Thursday, February 03, 2022

The Language of the Debate (5)

[Editor’s note: Nobody ever wants to be called racist, and yet the word is everywhere these days. It also doesn’t mean what it used to mean, which means it was one of those words I planned to get to in this series eventually. All too conveniently, Immanuel Can sent me an email this week analyzing the current usage of the term (and the logic behind the change in meaning) better than I might. I have reproduced it below.

Trust you enjoy it. — Tom]

9. Racist

Individuals and Systems

Things I’ve been pondering … social criticism, and all that.

I’ve only recently got my head around the idea of what social justice (‘SJ’ or ‘SJW’) types mean when they call everybody “racist”.

I always thought of it in terms of the classical sort of definition of the term, meaning “an individual who believes that ‘race’ (a dubious concept in itself, of course) is determinative of the value of other individuals”.

But this is not the SJ usage. In SJ usage, racism is not limited to the practice of individuals. After all, the individual, according to them, is just a creation of his environment: and racism is SYSTEMIC.

Racist from Womb to Tomb

This is a difference of huge importance. For while in classical usage, one actually has to hold personally to particular views about race, in SJ usage one can be racist without holding any views at all. All one has to do to be an SJ-racist is to serve as a functionary of any party of the “system” that is already presumed to be itself racist and unjust.

And that’s every system that currently exists, of course. The social justice crowd insists systemic racism is built into the very structure of traditional or received society: all our institutions, all our ways of thinking, all our everyday living procedures.
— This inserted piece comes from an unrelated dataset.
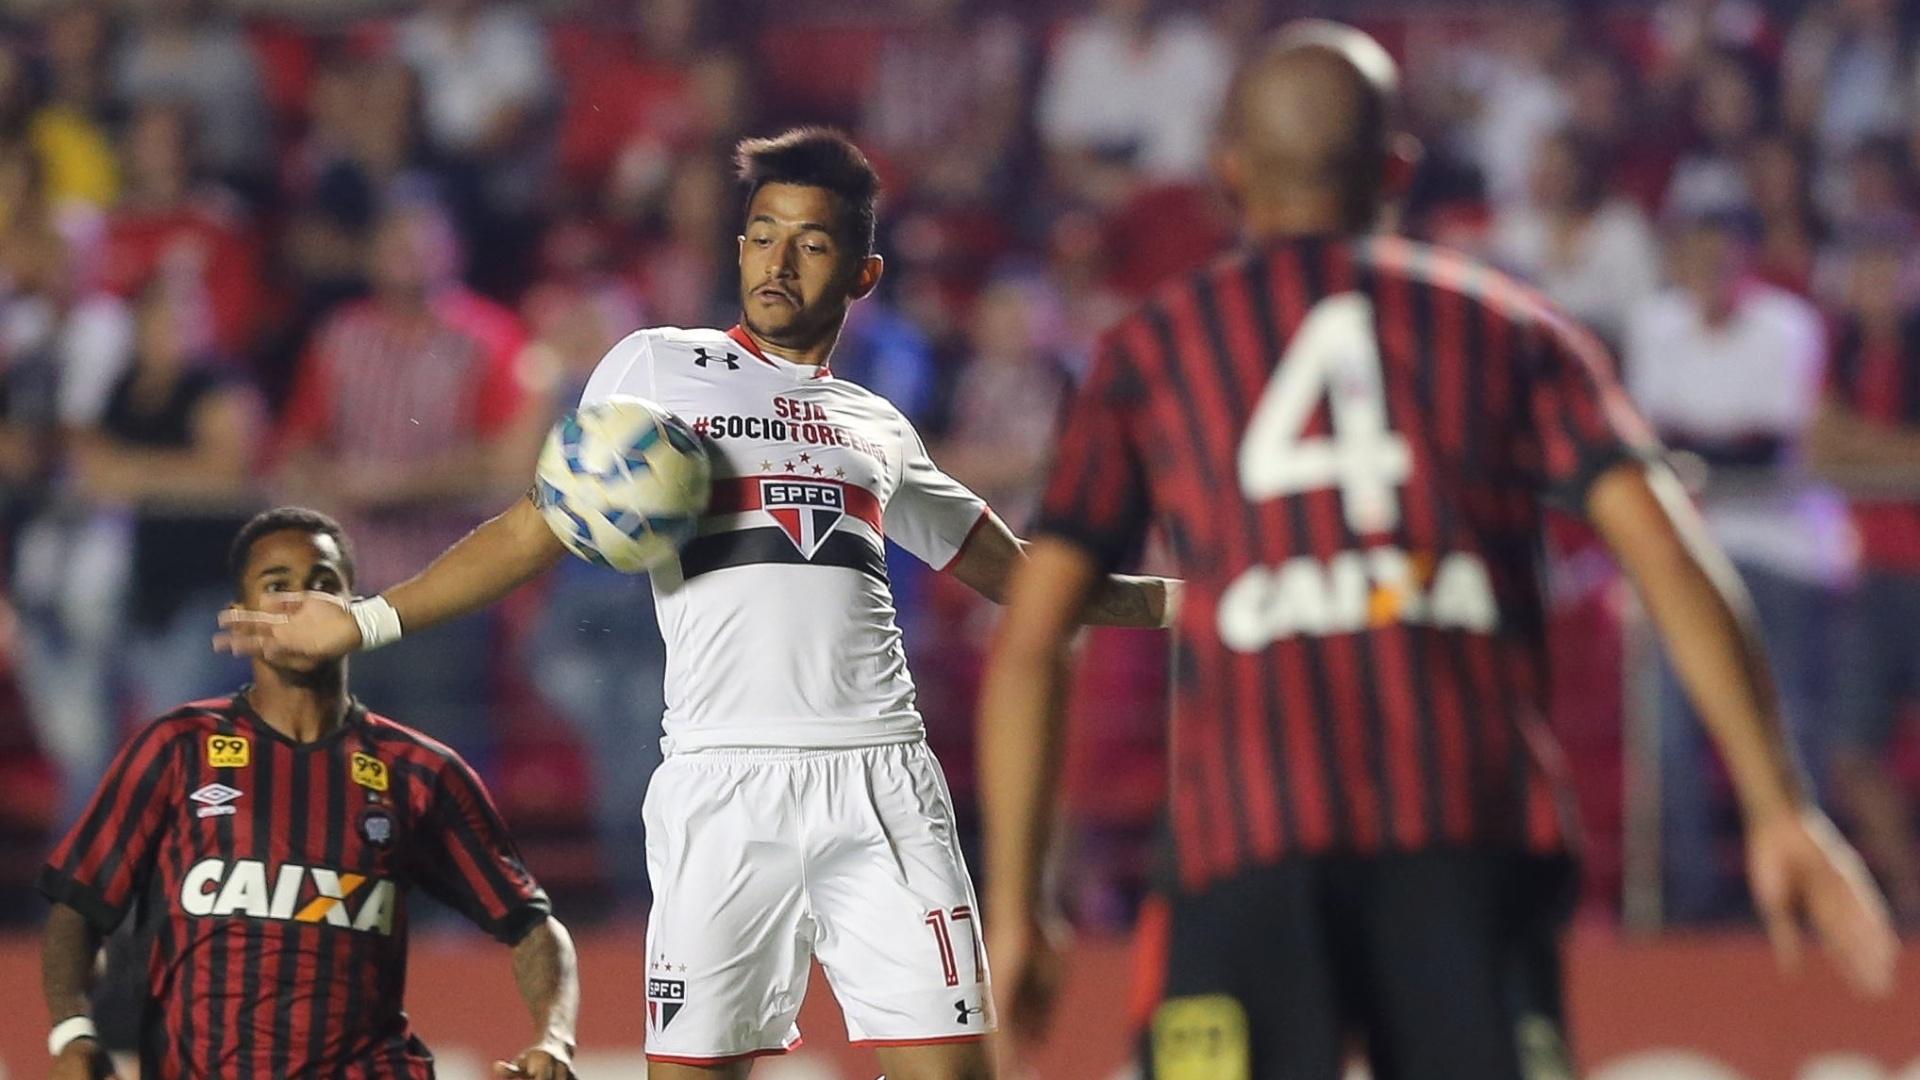 Rogério domina a bola durante o confronto entre São Paulo e Atlético-PR, válido pelo Brasileirão

All are “racist”, in that their structure serves to reinforce practices and institutions of “injustice”.

The upshot of this is that all one has to do, in SJW-think, in order to be genuinely racist, is to stand for, uphold or serve any element of the status quo, or fail to be vociferous and violent enough in campaigning for its overthrow. That makes you a racist regardless of your conscious beliefs on the subject. By this redefinition, all institutions and businesses are racist, all authorities are racist, all parents are racist ... because all of these fail to respond instantly and supinely to the SJW agenda.

In other words, for SJWs, “racist” simply means any kind of conservative. Or even more plainly, it simply means “not-SJW”.

Freeing the Conscience

Once one understands this perverted and self-serving employment of the term “racist”, one stops feeling the moral sting of having been insulted or called out for unfair attitudes to other human beings. All “racist” really means to the woke crowd is somebody who resists Neo-Marxism.
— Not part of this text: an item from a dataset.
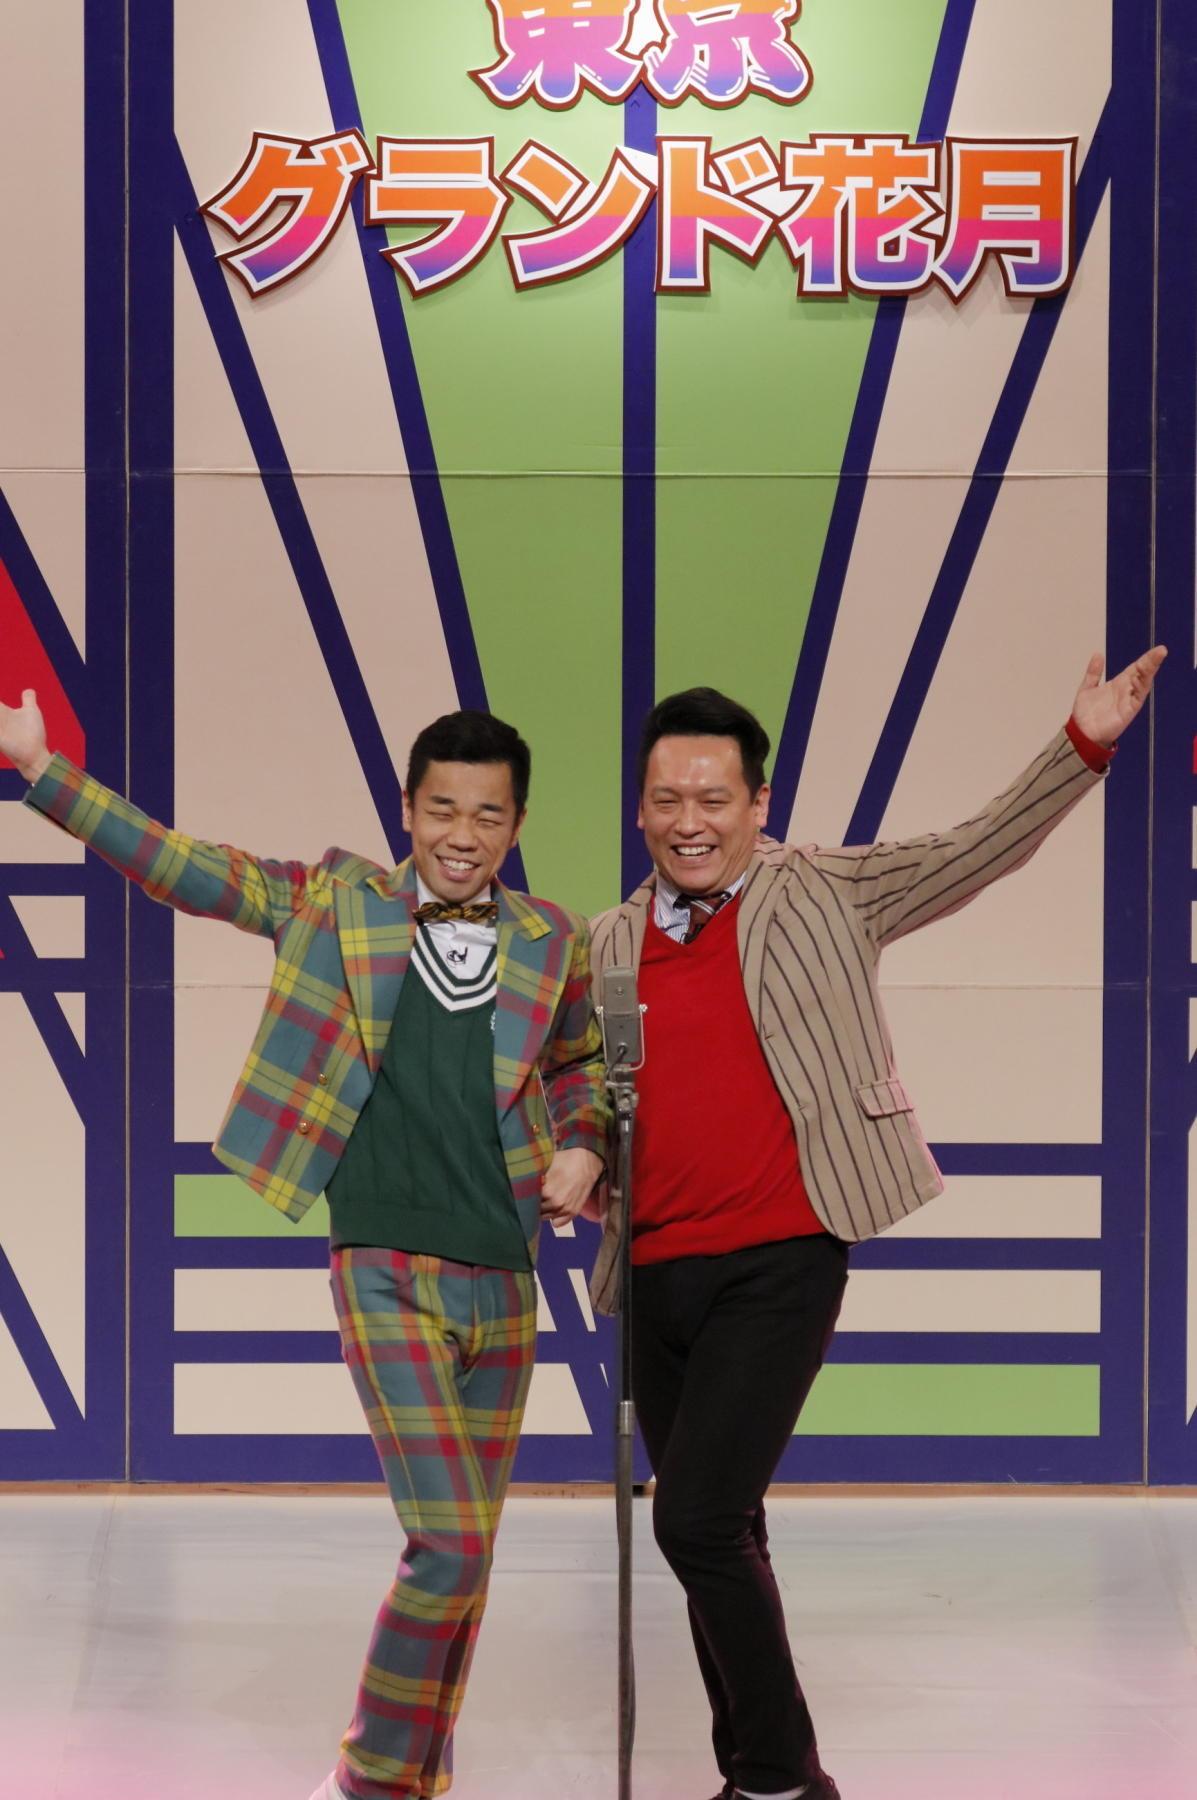 http://news.yoshimoto.co.jp/20180311221138-ef4e624982c91ebb48e28351c6dff5bca1ae0454.jpg

Of course, the power of the term depends on us not understanding how loosely and dishonestly the SJWs are employing it, and on being vexed in our post-Protestant consciences for perhaps failing to be sufficiently open-minded and free of bias. (The conservative conscience is often tender and sensitive in degrees that the sclerotic SJW self-certainty never is.) So they want to use it as freely as their definition of it will allow, but want us to feel the sting of it in a classical way.

Time to disambiguate the usage, I think.

Afterthought: In a clichéd phrase like “Punch a Nazi”, I wonder what their use of the word “Nazi” signifies. I suspect it means something similar: anybody who is not whole-hog SJW. But there might be some additional twisting of language and concepts going on. They certainly don’t mean it to refer to followers of the ideology of the National Socialist party in pre-war Germany, or even to people who might follow their historical lead. It seems to be used to mean something quite different.